Some obstacles are correlated, while others are independent of each other. You could maximize profits while customer complaints increase. 

Next, you want to make a list of all the options available. If the outcome is to maximize profits, then find the combination of the most profitable and popular products. Then prioritize those products in your supply chains and stores. 

Finally, make a list of obstacles that could prevent you from achieving these goals. For instance, particular parts may become sticking points in your supply chain. Perhaps you might miss a popular item partly due to its seasonality. 

In the end, you have a decision that has gone through checks and balances. The decision has survived a basic critical thinking process. 

Whether you use the above framework — or your own — the goal is to expose how you and your team make decisions. Once you know the process, you can better understand where the wrong assumptions typically happen. You can also feel more confident that you aren’t simply making random decisions and hoping that things work out. 

Dealing with too much or too little data 

Once you have a decision-making process, we can add data to it. There are only three things that can happen here -- too much data, too little data or just enough data.  

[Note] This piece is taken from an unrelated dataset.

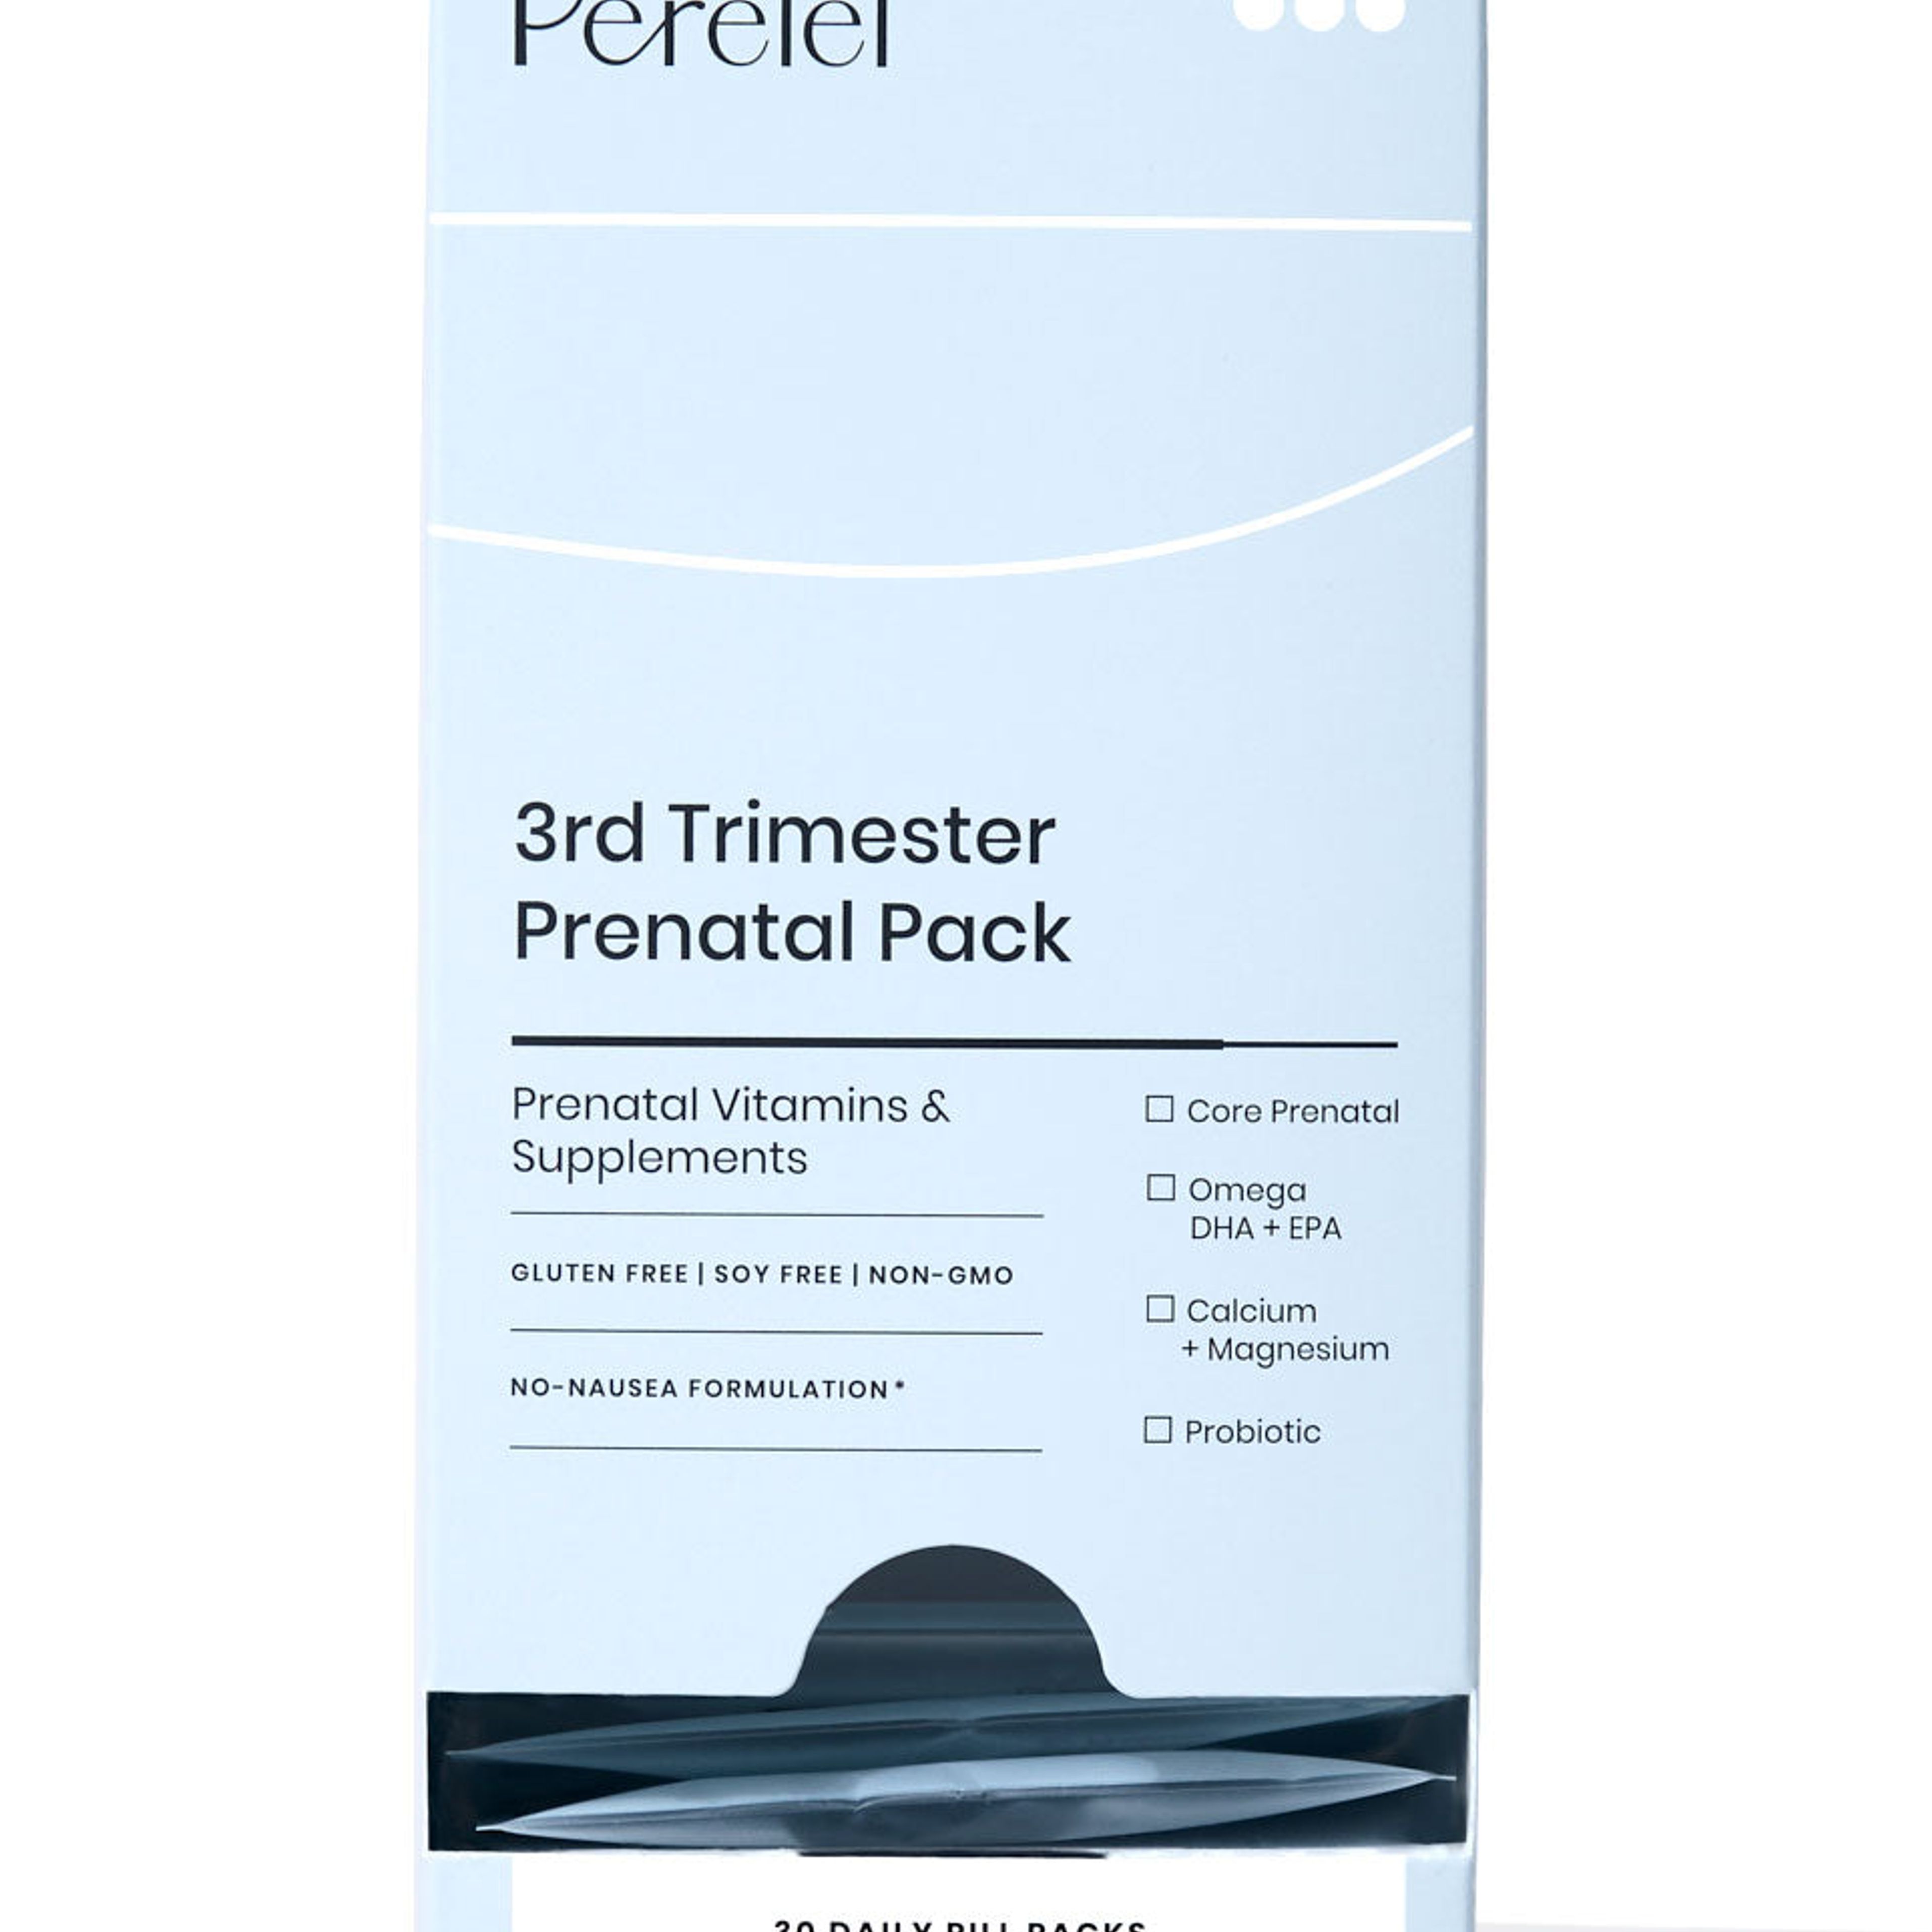 3rd Trimester Prenatal Pack

Remember that data is meant to inform you along your decision-making process. It will not give the right answer, but it will provide clues. Let’s look at the three data scenarios. 

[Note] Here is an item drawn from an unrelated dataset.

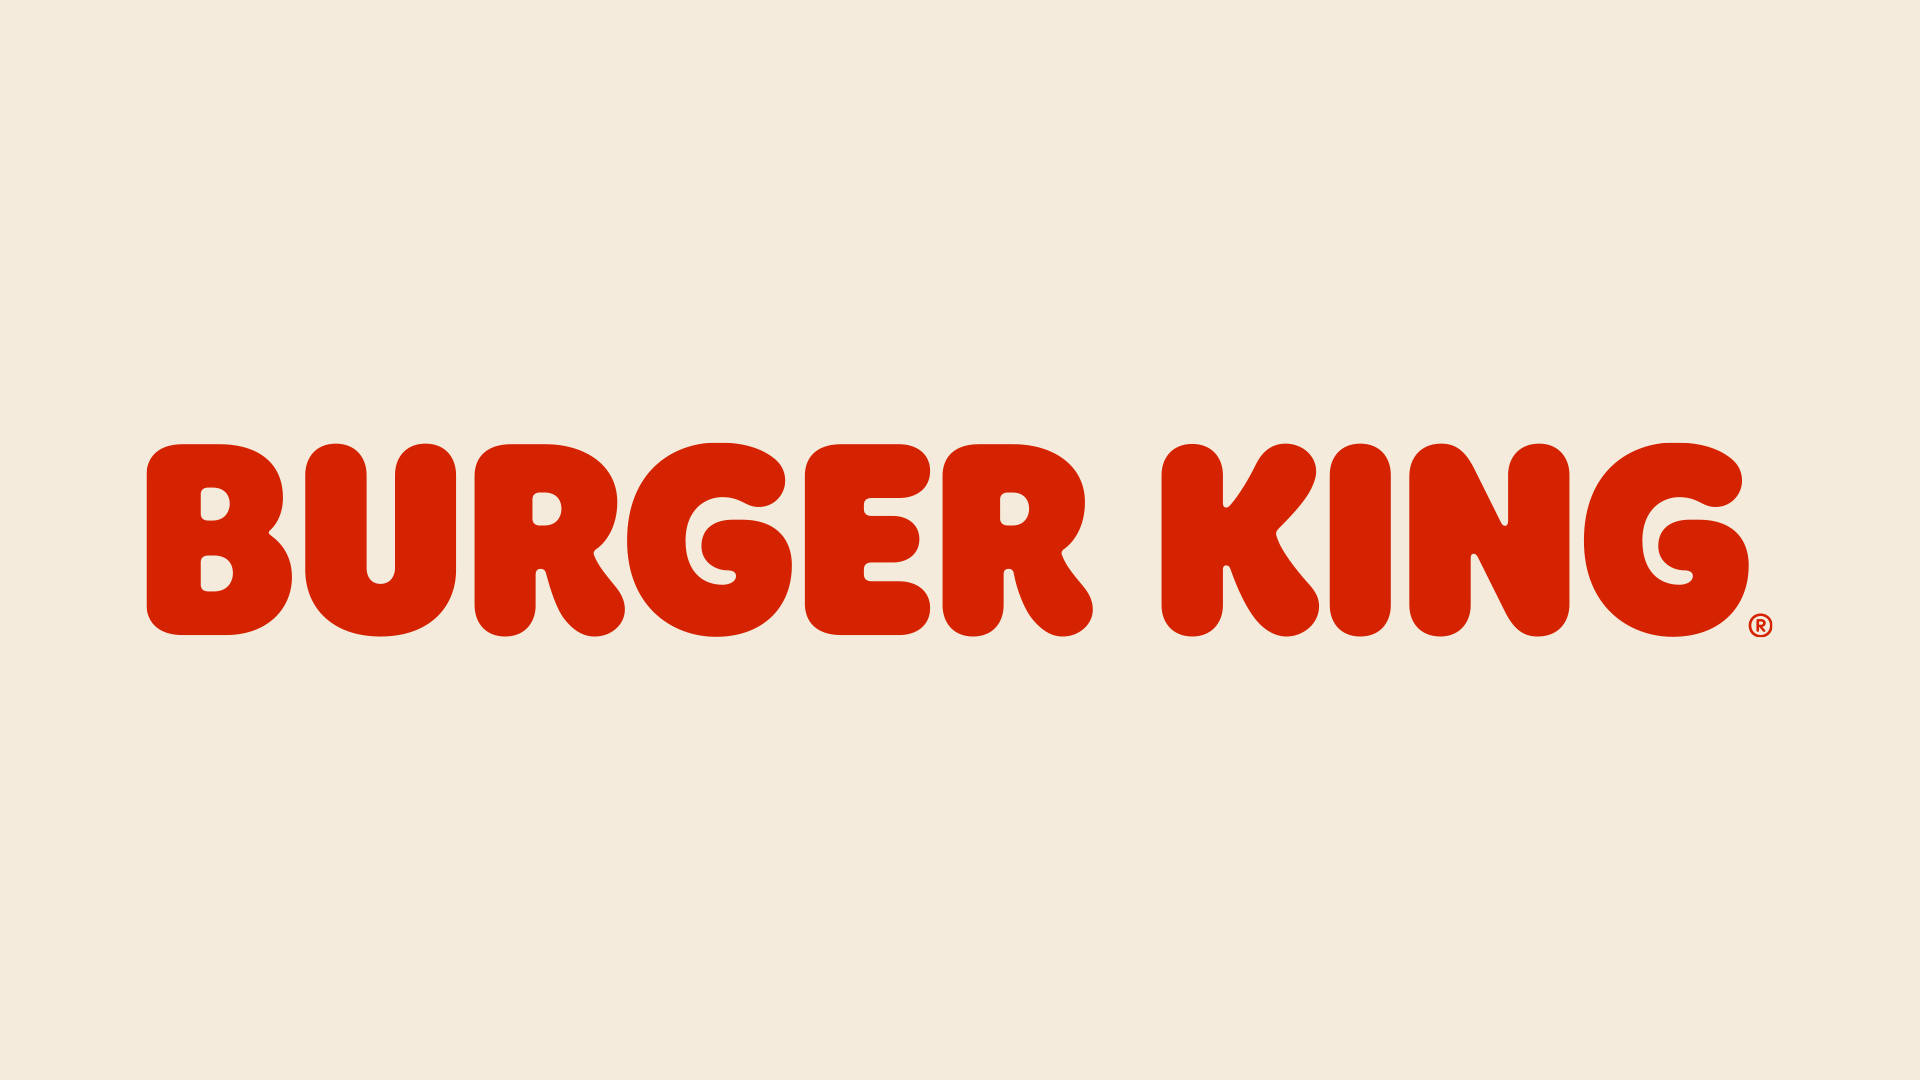 Burgerking Minimalistisches Wortzeichen Wallpaper

Too much data is an ironic outcome. The ease by which we collect data has increased over the years, and now companies can capture an incredible amount of data. The challenge is in knowing what to do with it. 

Any of the following strategies can be employed to deal with too much data: 

·  Pick the three most important points or insights. 

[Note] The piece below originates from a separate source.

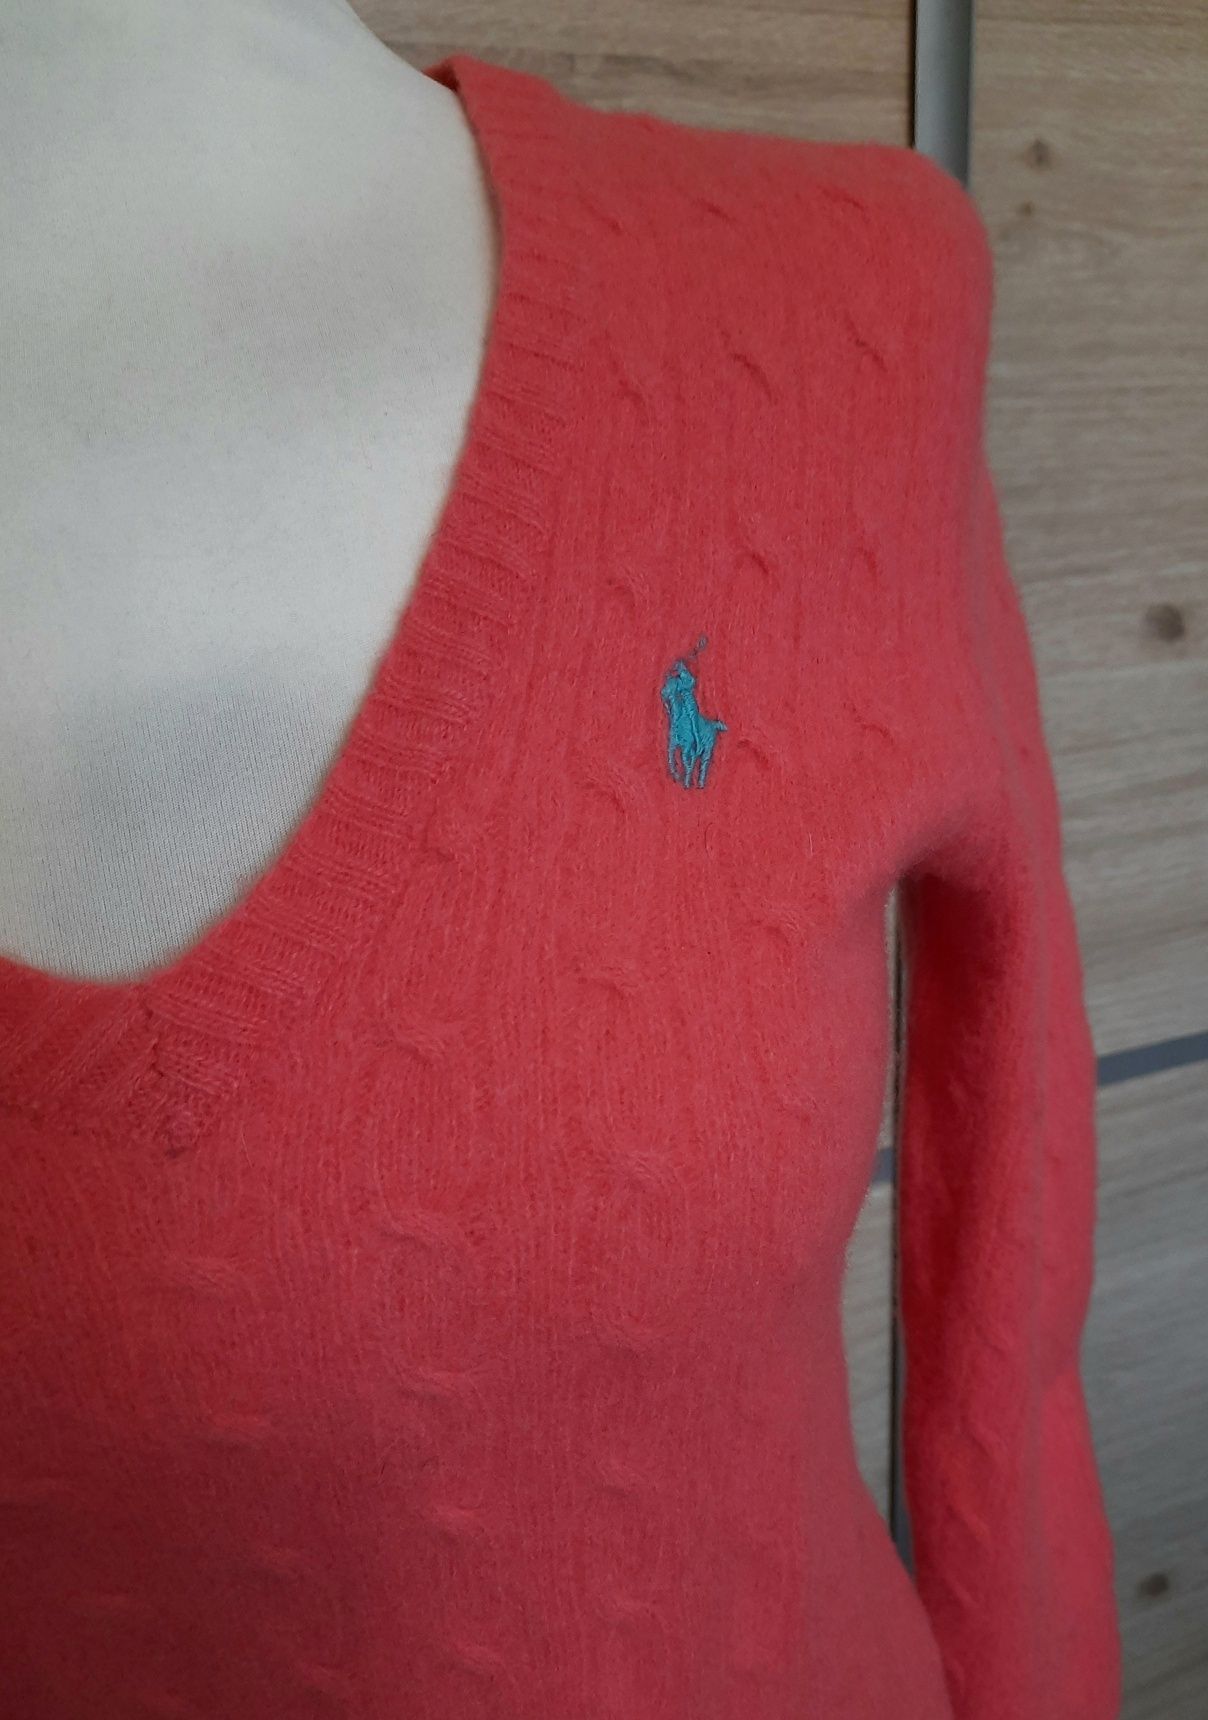 Sweter Ralph Lauren wełniany 100% merino wool różowy łososiowy damski

·  Debate among your team the “what does it mean”

·  Look at fewer reports or dashboards 

The theme behind all of these strategies is using fewer data. That may sound counterintuitive, but too much data can paralyze you. You try to take in too much and you are therefore unable to act. 

Imagine that you’re driving and the car is giving you updates on every single function taking place. You would be completely overwhelmed and unable to drive. Instead, cars give updates when relevant — when fuel is running low or the oil needs changing.  

Tackle the data overwhelm by looking for a handful of important points and move on. As you move, you’ll get feedback, and can then adjust. The same happens when you drive and the car gives feedback to slow down or move the steering wheel. 

Too little data is the opposite problem. The world was hit with a pandemic of which we knew very little. In these situations, you have to do your best with whatever you have. Companies benefit from leadership teams who can rely on their experience to decide best how to act. 

When you have too little data, you still need to move, but you also need to spend more time thinking of potential obstacles and risks. What could go wrong? How do we prevent it or deal with it? 

Just enough data is where we all want to be. Things are rarely perfect, and it is common to shift between too much and too little data. Over time, teams will learn the right amount of data for them and how to stay in the “ideal” zone. 

Making data-driven decisions is about understanding your process and then adding just the right amount of data.